[Chronique] Billy Nomates – « Metalhorse »

Il y a quelque chose d’indomptable et d’indescriptible chez Billy Nomates. Peut-être dû à cette tension brute, qui transperce chacun de ses disques depuis ses débuts ou alors ce charisme animal, félin, qu’elle semble cultiver année après année avec une singularité infini. Avec Metalhorse, son troisième album studio, la musicienne britannique confirme non seulement son statut d’artiste singulière dans la scène post-punk/indie, mais amorce aussi une mue artistique poignante.

Originaire de Leicester, Billy Nomates aka Tor Maries a fait irruption dans le paysage musical avec un premier album éponyme en 2020. Fait maison, autoproduit, ce disque est un magnifique manifeste d’indépendance. Armée d’une boîte à rythmes, d’un synthé rudimentaire et de sa voix, elle dressait un portrait rageur du quotidien, du capitalisme et de l’aliénation sociale. Elle y revendiquait sa solitude comme une force : “nomates”, c’est celle qui n’a pas besoin d’amis pour exister.

Son deuxième album, Cacti (2023), affinait ce ton frontal. Plus mélodique, plus accessible, il laissait filtrer une vulnérabilité nouvelle derrière les punchlines ironiques. L’influence de PJ Harvey et de Sleaford Mods restait palpable, mais Maries commençait à dessiner sa propre voie : moins dans la réaction, plus dans l’introspection.

Avec Metalhorse, Billy Nomates passe un cap. Elle abandonne les machines froides et les rythmes mécaniques pour s’entourer, pour la première fois, d’un véritable groupe en studio. Mandy Clarke à la basse (KT Tunstall, The Go ! Team), Liam Chapman (Rozi Plain, BMX Bandits) à la batterie, une production cosignée avec James Trevascus : le son devient organique, charnel. On passe du cri punk solitaire au chant folk blues d’un chœur brisé, mais encore solide.

Le titre Metalhorse lui-même, inspiré d’un manège déglingué d’une fête foraine, est une métaphore saisissante du tumulte de nos vies. L’album oscille entre vestige séduisant et vertige lumineux, plein de rage et paradoxalement d’un besoin de douceur absolue. La maladie (la sienne, une sclérose en plaques récemment diagnostiquée), le deuil (celui de son père, emporté par la maladie de Parkinson), imprègnent chaque morceau. « Nous étions si proches et notre lien était la musique », dit-elle à propos de sa relation avec son père. « C’était ma sécurité et ma protection dans le monde. Même dans la maison de retraite, alors que les choses empiraient, je lui rendais visite et il me demandait ce que je faisais. Je lui montrais les nouvelles démos, ou je passais à la radio. Cela a permis de ne pas tout gâcher, parce qu’on avait des choses positives à se dire. »  Et pourtant, Metalhorse n’est pas un disque de complainte. C’est un disque de transformation.

The Test, l’un des moments forts du disque, inspiré par la cascadeuse Yvonne Stagg, est une ode aux femmes qui risquent tout, dans l’ombre. On y retrouve le goût de Billy Nomates pour les figures féminines marginales, héroïques à leur manière. 

Dark Horse Friend, chanté en duo avec Hugh Cornwell (ex-leader des Stranglers), rend hommage à son père, fan du groupe. C’est une ballade ténébreuse, élégiaque, mais jamais larmoyante. Elle conclu l’album avec Moon Explodes, titre fiévreux aux accents blues-rock, et Plans, qui évoque l’étrange normalité de la vie qui continue, même quand tout s’écroule à l’intérieur.

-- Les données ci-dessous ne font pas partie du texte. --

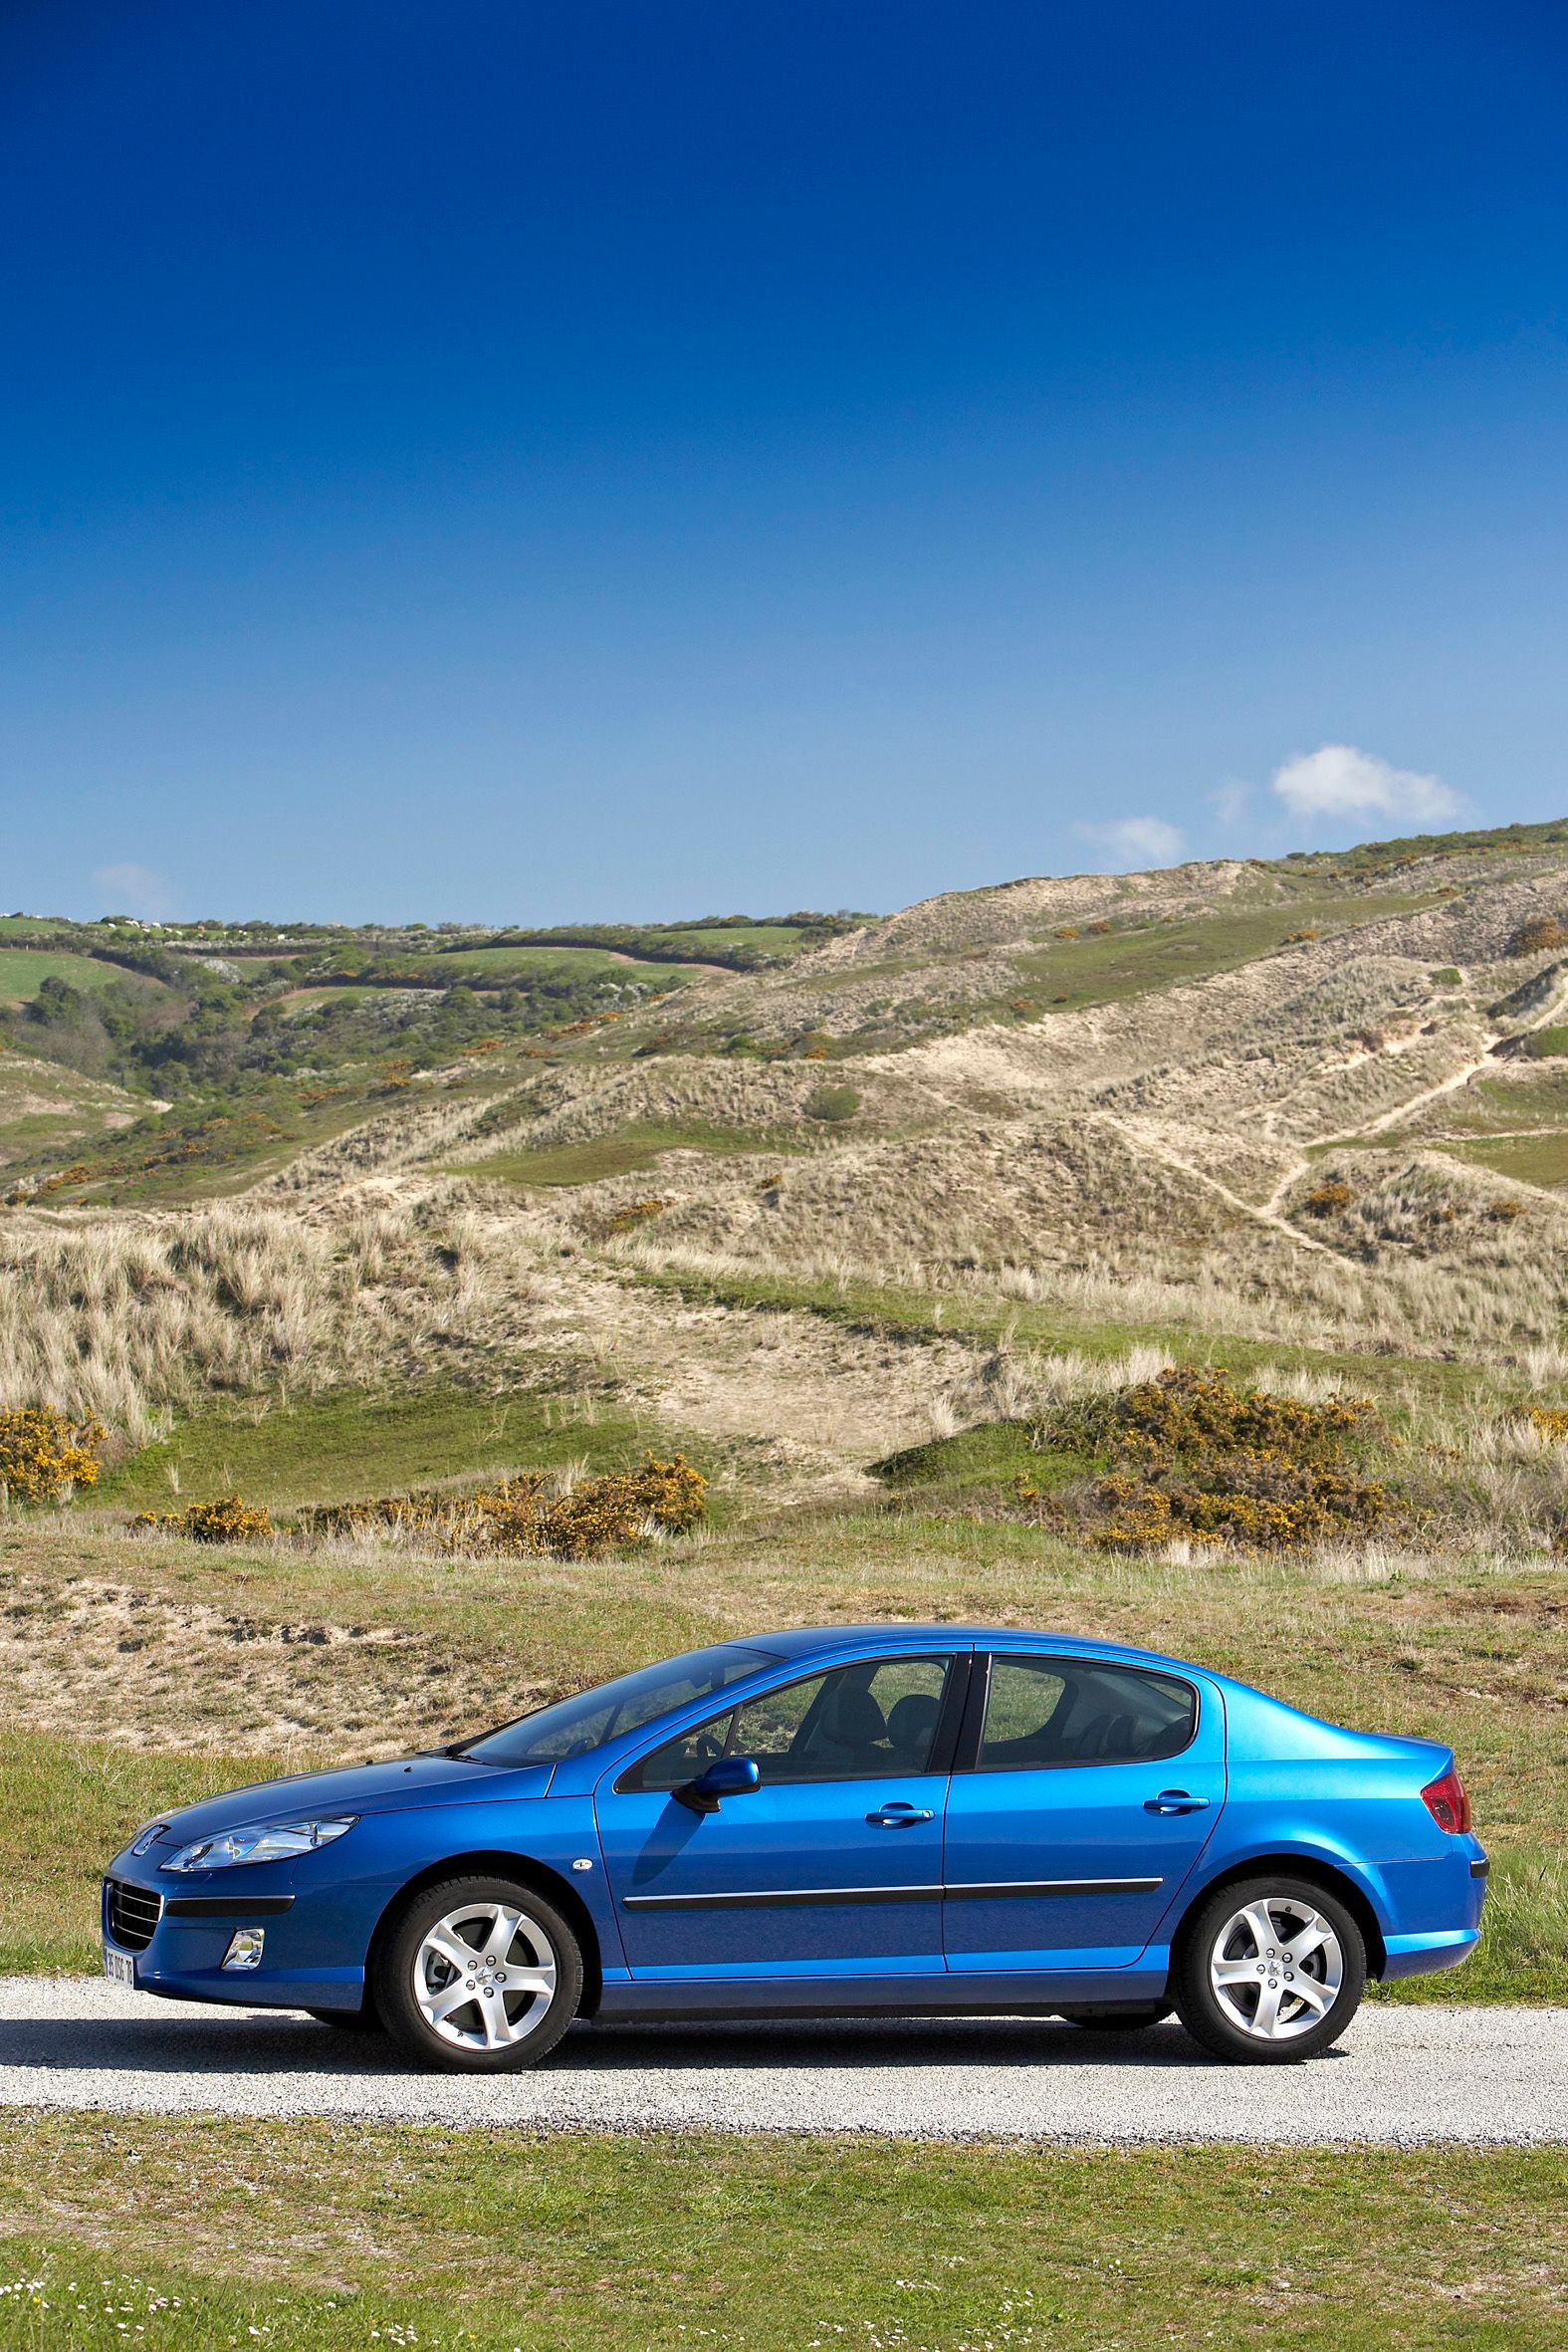 Road test rewind: Peugeot 407
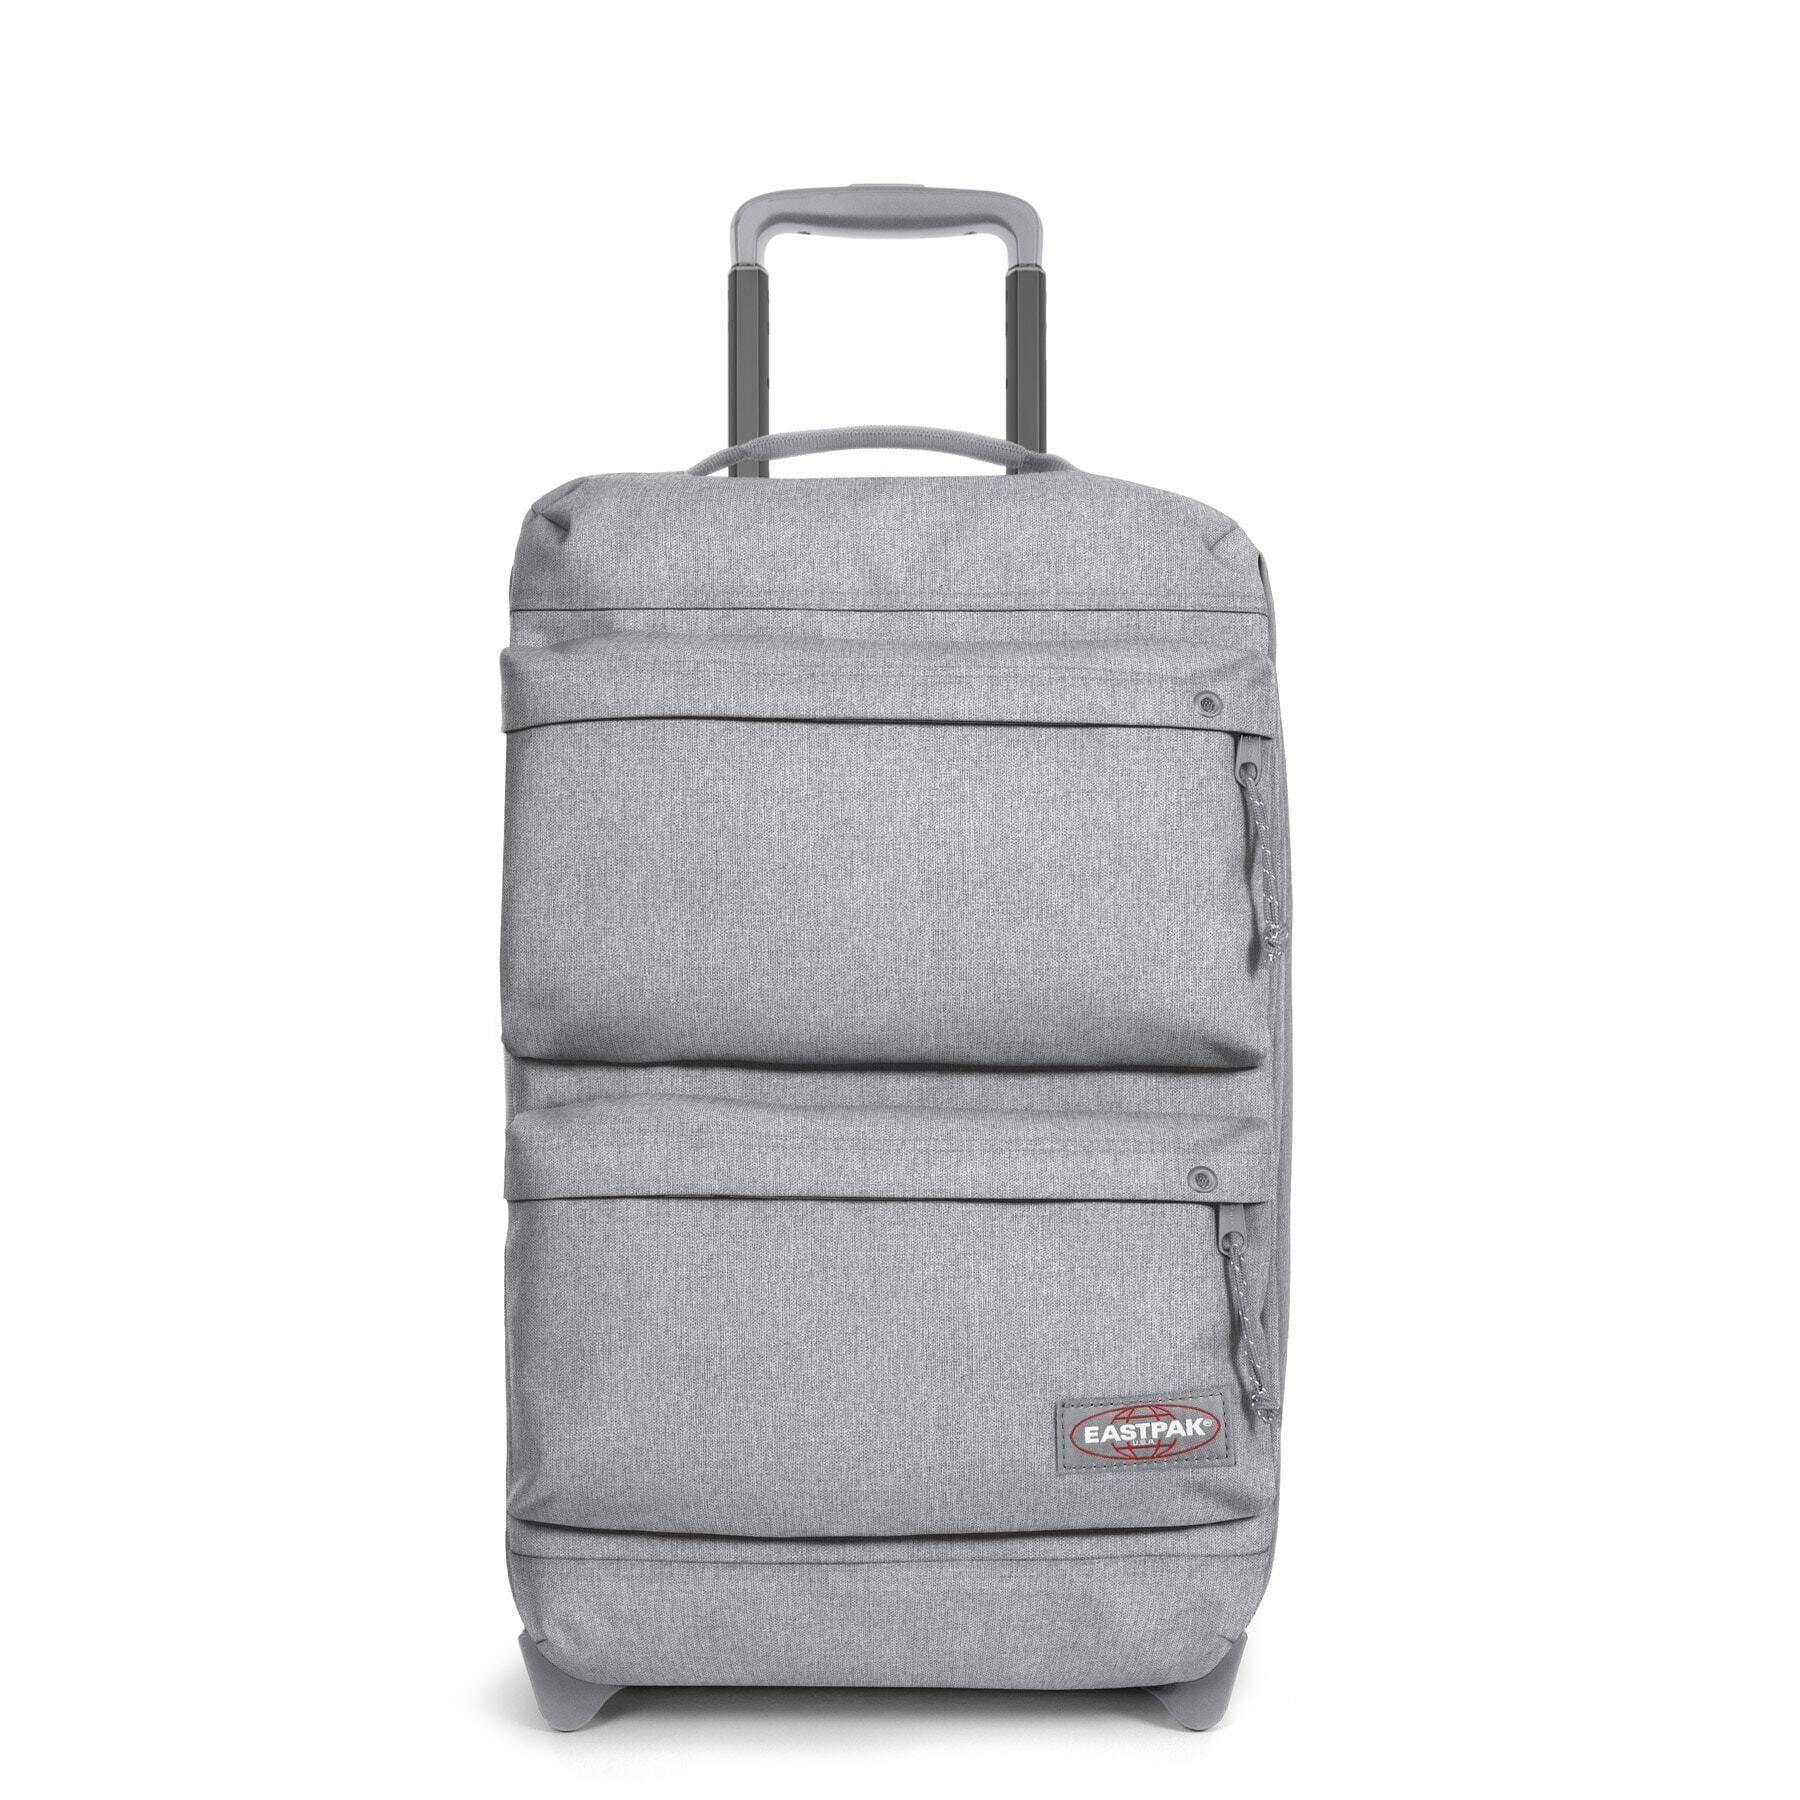 Travel bag Eastpak Double Tranverz S

Musicalement, Metalhorse est bien plus varié que ses prédécesseurs. Il y a des claviers vintage, des envolées folk, des pianos magnifiques, des mélodies dansantes, des refrains accrocheurs irrésistibles. Mais l’essence de Billy Nomates reste intacte : une voix sans fard, un charisme étourdissant, une écriture frontale et cette honnêteté désarmante. Le minimalisme de ses débuts laisse place à une richesse sonore qui sert la profondeur émotionnelle de cet opus, déroutant de prime abord mais qui devient rapidement séduisant.

Metalhorse, album de transition, plus conceptuel, acte de survie, preuve d’une mutation nécessaire où Billy Nomates montre qu’être vulnérable n’est pas une faiblesse, que changée sans trahir est possible. Loin de se diluer dans un son plus « produit », elle y révèle une force nouvelle, celle d’une artiste qui ne cherche plus à prouver quoi que ce soit, mais à exprimer sa propre vérité, avec un style mystérieux, éclatant, et une ambiance globale captivante comme les lumières multicolores d’une fête foraine.

Un disque mélodique, doux comme l’acier, beau comme un cheval au galop. Billy Nomates fait un pas de plus vers une grande liberté artistique.